Friday, July 31, 2015

The path back to Martial Arts and discovering UniVersal Connections...

"Sharpen your wisdom, distinguish principle and its opposite in the world, learn the good and bad of all things, experience all the arts and accomplishments and their various Ways, and act in a way so that you will not be taken in by anyone. This is the heart of the wisdom of the martial arts."
-Miyamoto Musashi, The Book of Five Rings; The Water Chapter, 'The Frame of Mind For The Martial Art."


   Martial Arts is sacred to me. Through it's practice I have come to know one of the deepest parts of my true self. It is a realm in which no excuse is valid since it demands discipline, sensitivity, focus and heart.

   My connection to Martial Arts started stretching it's roots when I discovered and began practicing Brazilian Jiu Jitsu (BJJ), but in reality my link to these ways are much more ancient. Even though it took me a long time to realize this...
Wrestler Stone Statue. Olmec.


I remember learning about BJJ and beginning to try some moves out with family and friends who were interested in knowing more about the art but had no means of practicing at a formal academy for different reasons, mostly economic. We would watch instructional videos and practice at home.  I remember the exciting anxiety of knowing the power of the lessons and techniques. I also remember the beginning stages of practice and the enraging discomfort of having another individual so close to my personal space and having to overcome this obstacle. Since I was usually one of the few or the only female during rolling sessions and I had to spar with males, I woke a savage desire to learn how to truly protect my self.
Shortly after the beginning stages of becoming familiar with BJJ, I became pregnant.
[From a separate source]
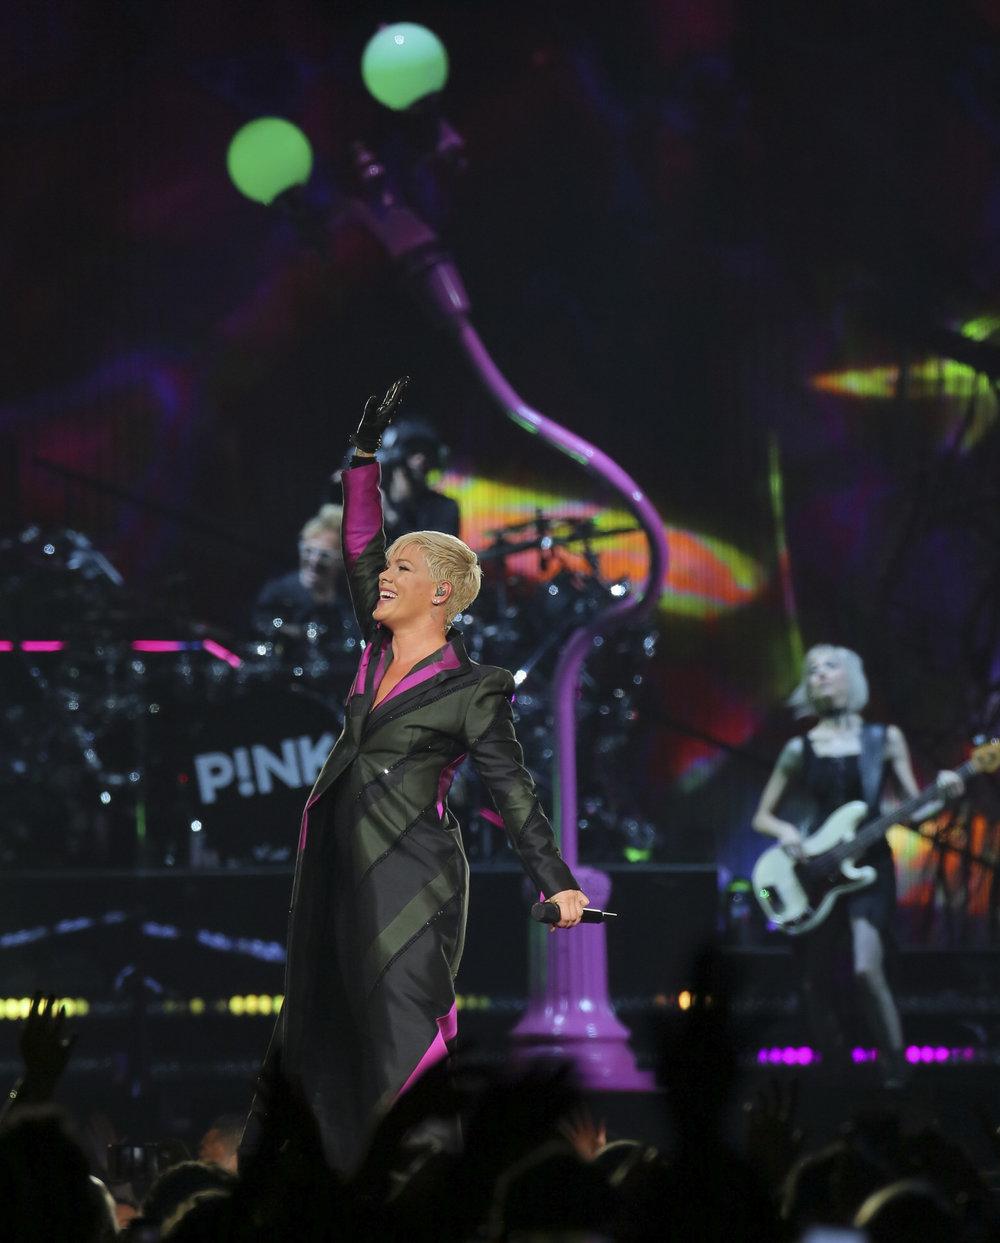 PINK LIVE FROM JPG_13.JPG

My friends and family kept practicing while I kept trying to mentally analyze techniques and learn through the observation of others. I watched UFC events and documentaries on Martial Artists once in a while. Learning different perspectives of the term.

                                                          Some of my inspirations:
Rickson Gracie
Kyra Gracie

Cain VS. Big Foot

About a year after I gave birth to my daughter, I slowly started practicing again. By the time my daughter was about  2 years old, the passion for BJJ had spread throughout my family and community and most people I knew were practicing the art with their families and some even moved on to joining academies. I was a member of a community group that practiced weekly and even though I missed sessions due to my responsibility to my daughter and job, I still kept falling in love with the art. While I was a member I learned some boxing and wrestling techniques as well that added depth to my love for self defense. By the time my daughter was about to turn 4 years old, I found my self training a few times a week and my life revolved around practice. However, there were some personal issues that I was facing. Physical injuries for lack of care to my body, a final separation from the father of my child and the overall turmoil of the mind that these types of situations create.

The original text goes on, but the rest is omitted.